Katie will be 5 months on the 22nd of Jan. She still wakes up every night. Sometimes two times a night. I have her in an Xpen at night just big enough for her bed, nothing else. Trying to use it on the idea of a crate hopeing that she would learn to hold it. When she wakes up she cries and I get up and put her on her wee wee pad. If I tell her to lay down, which on a few occasions I have she will pee in her bed. Am I expecting too much at her age?????


Lynda


----------



## LexiAndNikkisMom (Apr 13, 2004)

Sorry, I can't help. Both my girls have slept all night since I got them. I usually have to get up between 6-7AM with them. I think I've only had to get up to take them out to potty maybe 6 times since I got Lexi in April 2004.


----------



## NewMom328 (Apr 15, 2005)

When Kylee was younger I had her crate inside of her exercise pen. The ex-pen was like 2 feet by 4 feet and with the crate in there, there was just enough room for that, a few inches of space and then a pee pad. She slept in the crate with the door open; if she had to go potty in the middle of the night, she could get up and go on the pad and then go back to sleep. I never had to wake up and actually put her on the potty pad in the middle of the night. Eventually, it got to the point there wouldnt be pee on the potty pad when I woke up in the morning. I guess she was about 5 months when I let her sleep in bed with me through the night and she has never woken up to go to the bathroom, unless she was sick or something.


----------



## paris (Apr 8, 2005)

Paris has slept with me from the beginning. We slept on the couch the first month to get up and potty but when she was around 3 1/2 months we went to the bed and she has slept through every night since.


----------



## Scoobydoo (May 26, 2005)

We always took Scooby out before we went to bed and then he would sleep with us all night and I would say we haven't had to get up at all since he was about 4 months old.
I take him out at 10pm before bed and he never moves all night from the bed. He gets up with who ever gets up first and goes out potty and once this routine is established you will find they can hold all night when they know they are going to be taken potty at a certain time. Some may take longer than others and it is all a matter of how quickly your baby learns I guess, we have been very lucky with Scooby I guess. I often wonder though if they are outside trained they seem to manage to hold longer because they know there is no pee pad to go to inside. Scooby hasn't had an accident inside for a very long time, except one night when he was downstairs with us and it was storming out, poor little guy must have been in a hurry then and he just went on the floor then, but then he isn't fond of storms either so I guess we can excuse that.


----------



## jmm (Nov 23, 2004)

You can add a pad to her pen or you can take charge of the situation by waking her up at a set time and slowly extending it. Also, pull her water up an hour or two before bed time.


----------



## lynda (Oct 11, 2005)

> You can add a pad to her pen or you can take charge of the situation by waking her up at a set time and slowly extending it. Also, pull her water up an hour or two before bed time.[/B]

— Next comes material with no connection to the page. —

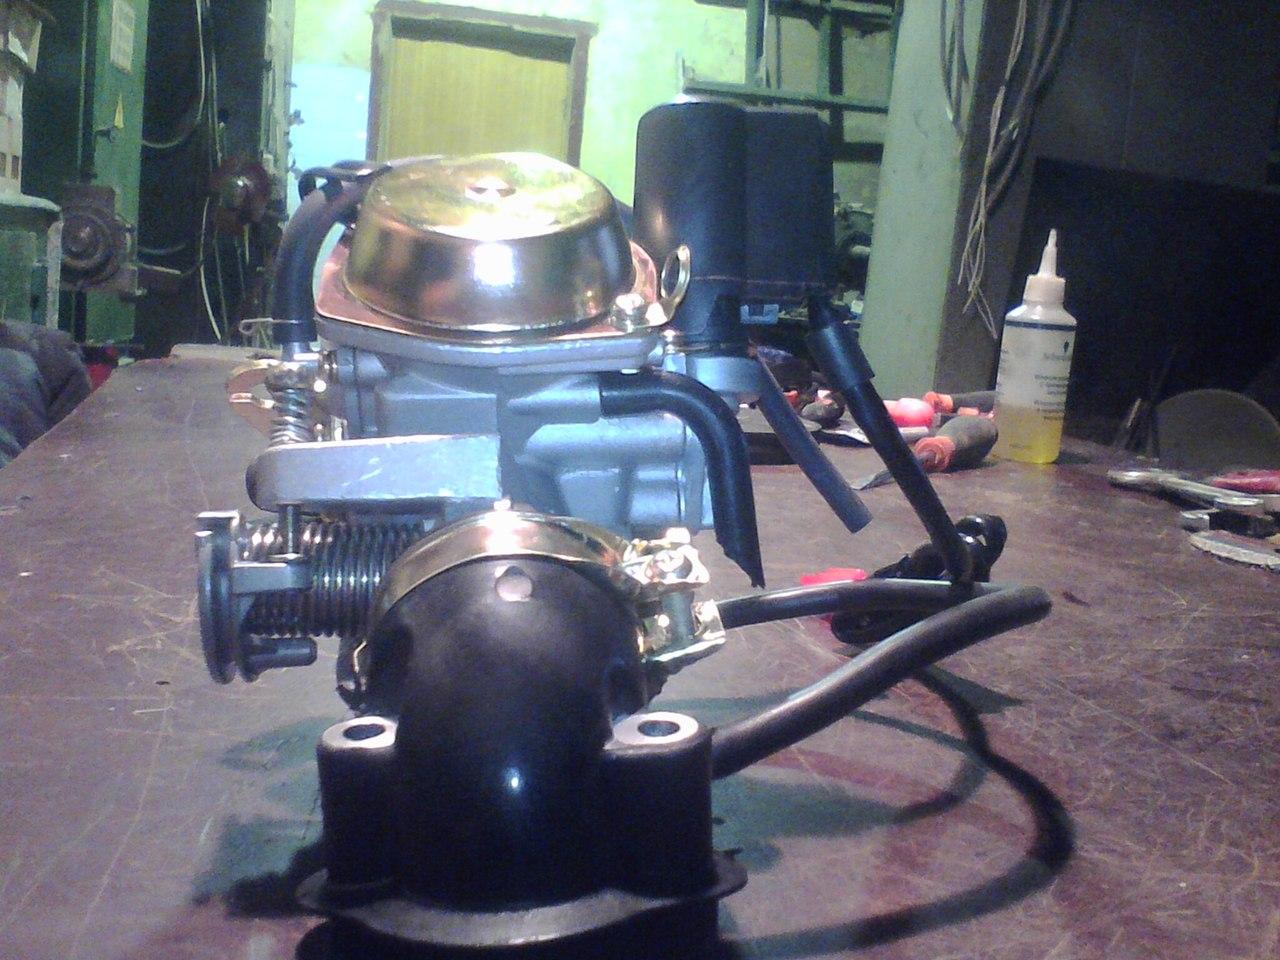 Тюнинга мотоциклов DPVbCo0Zz2c

I do all of the above except the pad in her pen. I keep her pen real small. There is only enough room for her little round bed. I figured this way she would hopefully learn to hold it. I take their water up between 8 and 9 and they go on the wee wee pad at 11.00PM as that is bed time. Chloe started sleeping all night shortly after we got her. Of course, she was 5 months old and wee wee pad trained. Katie will be 5 months in two weeks. Hopefully, 5 months will be the magic number. 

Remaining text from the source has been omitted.